The study leverages a sizable dataset of 914 chest CT scans, comprising 700 ECG‑gated and 214 non‑gated acquisitions. A Vision Transformer (ViT‑Base/8) is pre‑trained with DINO‑LG, producing 768‑dimensional token embeddings for each 2‑D slice. These embeddings feed a simple linear classifier that filters slices into “calcified” or “non‑calcified” categories. The classifier achieves 89 % sensitivity and 90 % specificity, markedly outperforming standard DINO (79 % sensitivity, 77 % specificity) and reducing false‑negative and false‑positive rates by 49 % and 57 % respectively.
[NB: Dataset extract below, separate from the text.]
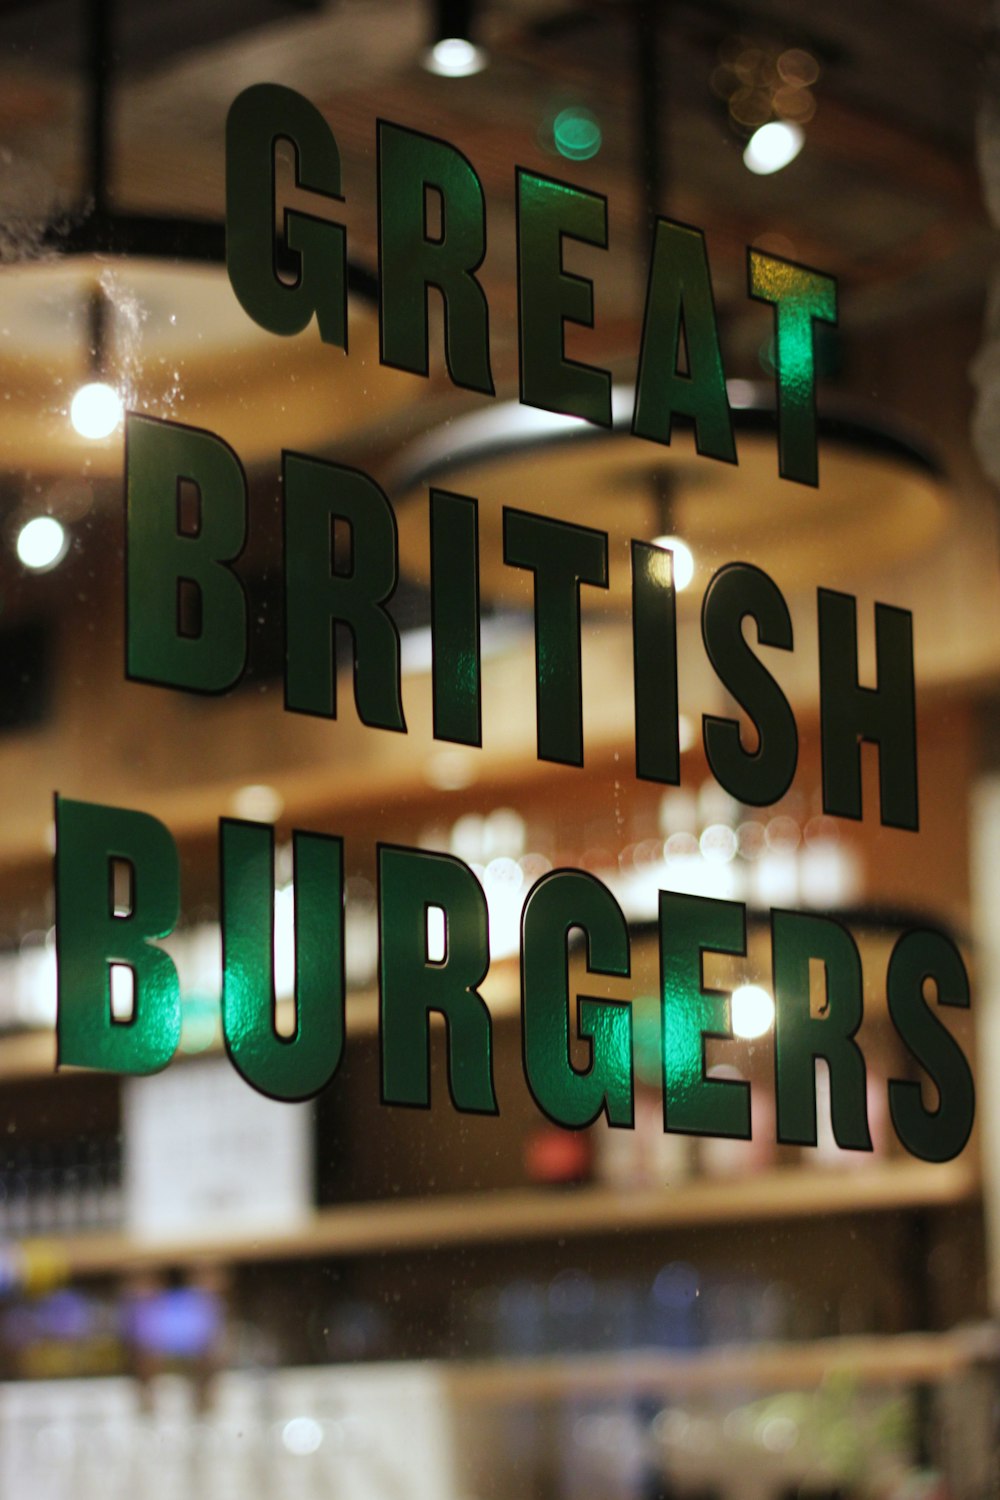 great British burgers tag

Only the slices flagged as calcified are forwarded to a downstream U‑Net segmentation module, which delineates calcium deposits and computes Agatston scores. The integrated three‑stage pipeline (ViT feature extraction → slice classification → U‑Net segmentation) attains 90 % accuracy in CAC risk‑group classification (four categories) on a held‑out test set of 45 patients, a substantial gain over a standalone U‑Net (76 % accuracy). By processing merely the relevant subset of slices, the system cuts GPU memory usage and inference time by roughly 60 %, making it more suitable for clinical deployment.
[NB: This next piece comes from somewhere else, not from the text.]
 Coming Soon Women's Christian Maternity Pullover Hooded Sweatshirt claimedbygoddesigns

Beyond performance metrics, DINO‑LG demonstrates a unified approach for both gated and non‑gated CT protocols, eliminating the need for protocol‑specific models. This versatility addresses a practical clinical need, as many institutions acquire mixed‑protocol scans for various indications. The authors also discuss the broader applicability of label‑guided self‑supervision to other medical imaging tasks where annotations are sparse (e.g., micro‑tumor detection, vascular plaque identification).
Limitations are acknowledged: the targeted augmentation requires a modest amount of pixel‑level calcium annotations, so the method cannot be fully unsupervised in completely unlabeled settings. Additionally, all experiments were conducted on data from a single academic center, raising questions about generalizability across diverse scanners, populations, and acquisition parameters. Future work is proposed to explore automatic calibration of label‑guidance strength, meta‑learning for cross‑domain adaptation, and extension to 3‑D ViT architectures.
In summary, DINO‑LG offers a compelling solution to the annotation scarcity problem in medical imaging by steering self‑supervised learning toward clinically relevant regions. Its superior detection, segmentation, and risk‑classification performance, combined with computational efficiency and protocol‑agnostic design, positions it as a promising foundation for next‑generation automated CAC scoring and potentially for other low‑prevalence pathology detection tasks.